In fact, Brown is now heading in completely the opposite direction with a visit Saudi Arabia this weekend in a bid to convince the Saudi’s to increase oil production by 500,000 barrels a day. Quite how an increase in fossil fuel output tallies with targets to reduce CO2 emissions remains unexplained.
The problem is, that whilst the direct impact of higher prices is highly effective in changing consumer behaviour, politicians need a few carrots to go with the sticks. But since green alternatives such as the development of public transport are prohibitively expensive in densely populated countries like Britain, carrots are in short supply.
One system that has never failed to supply carrots is market based capitalism, and baring any fundamental change in Western governmental organisation we are going to need a market based system to correct the fundamental reliance of our economy on oil. This means that we need to take cap and trade seriously.
Although cap and trade has been described as ‘just another tax’ by it’s many detractors, there are some fundamental differences. Yes, consumer prices will rise in the short term - investment capital required to implement low emissions technology has to come from somewhere.

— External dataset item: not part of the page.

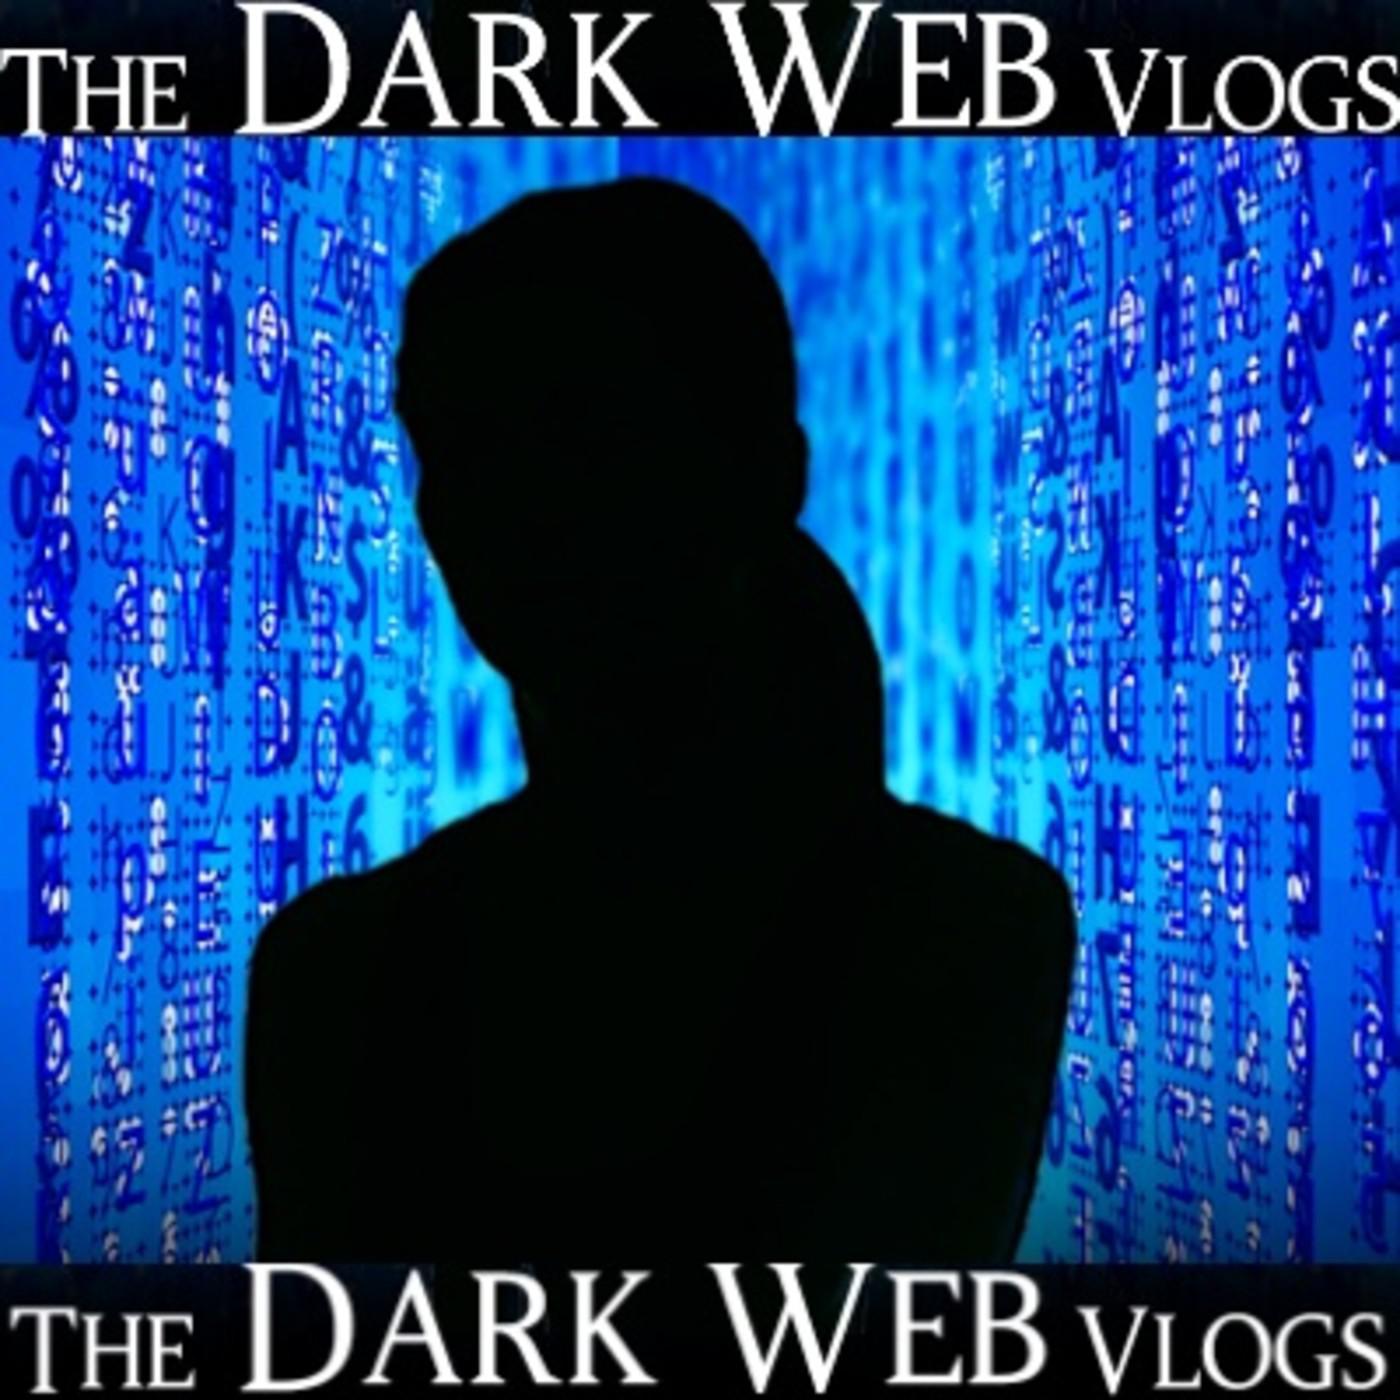 The Dark Web Vlogs (podcast) - The Dark Web Vlogs | Listen Notes

But cap and trade will bring the market to bear on emissions, providing a new competitive vector for firms by starting a race to develop efficient technologies - meaning lower prices and higher profits.
Meanwhile, Gordon Brown’s opposition are making the most out of the situation. “We can’t afford not to go green”, says Conservative Party leader David Cameron, adding that “the era of cheap oil is well and truly over”.
Here Cameron has a distinct advantage - when voters go to the polls in next year’s UK general elections, as the incumbent Brown will be judged primarily on performance - a performance that has presided over some rather bumpy economic times. Cameron, meanwhile, will be judged on potential - the potential to make positive changes, whilst being in the handy situation of being able to blame Brown’s Labour government for the pain that voters are currently feeling.
The only problem is that Cameron hasn’t yet been able to tell us what those positive changes actually are, with no details emerging of any kind of game plan for a green British future.
If the cheap oil era is well and truly over then a game plan that looks beyond the simple political solution of taxing relatively well-off motorists is going to be urgently needed - urgently needed to prevent current protest from turning into dangerous instability.